Pulmonary artery sling is a very rare congenital vascular anomaly. Patients usually present in infancy with symptoms of airway compression. Patients with trisomy 21 often have upper airway obstruction, most commonly related to pharyngeal causes or subglottic stenosis.
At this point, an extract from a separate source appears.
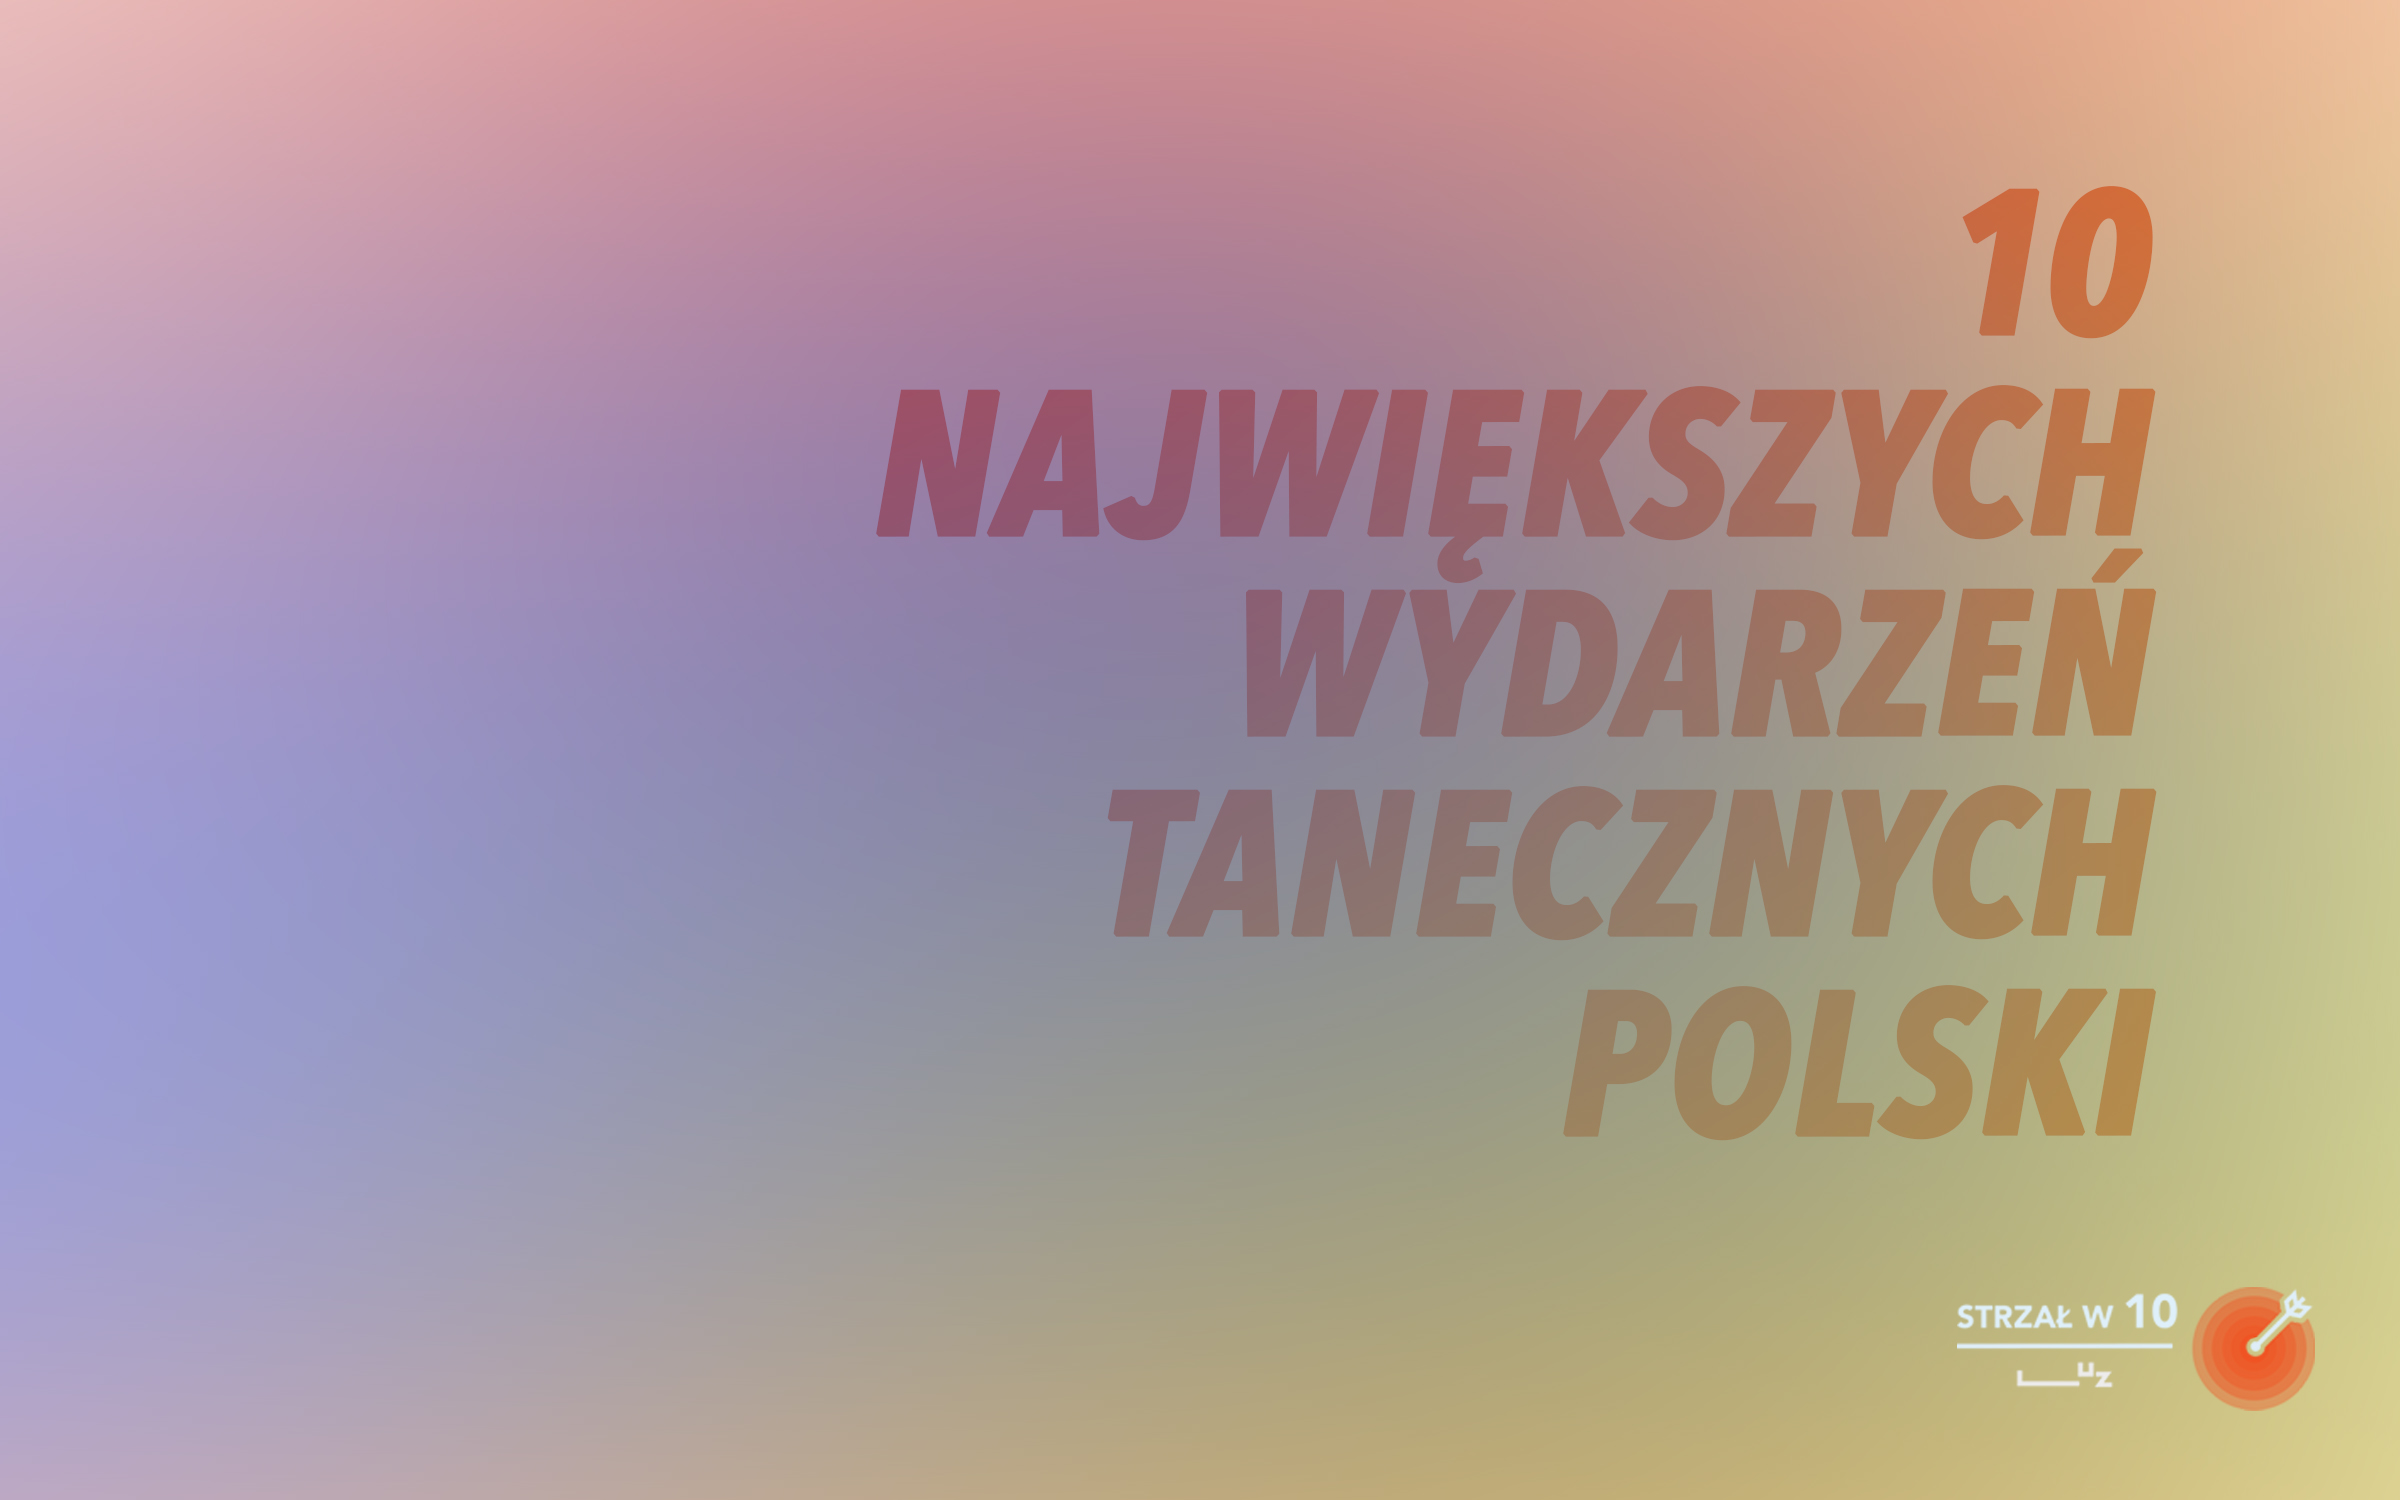 10 najważniejszych wydarzeń tanecznych w Polsce – STRZAŁ w 10.

Although the incidence of congenital heart defects in patients with trisomy 21 is very high, a review of the literature showed only one previously reported case of pulmonary artery sling in an infant with trisomy 21. We report a case of pulmonary artery sling and complete atrioventricular canal defect in a one-month-old female with trisomy 21. Echocardiography is an important diagnostic method for pulmonary artery sling, but this anomaly may be easily overlooked in the presence of more commonly anticipated defects in this population.
机译:肺动脉吊带是非常罕见的先天性血管异常。患者通常在婴儿期出现气道受压症状。 21三体症患者常有上呼吸道阻塞,最常与咽部原因或声门下狭窄相关。尽管21三体综合征患者先天性心脏缺陷的发生率很高,但文献回顾显示,在21三体综合征的婴儿中只有一例先前报道的肺动脉悬吊病例。我们报道了一例肺动脉悬吊和完整的房室管腔病例患有21三体性疾病的1个月大女性的心脏缺损。超声心动图是肺动脉悬带的重要诊断方法,但是在该人群中存在更普遍预期的缺损时,这种异常现象很容易被忽略。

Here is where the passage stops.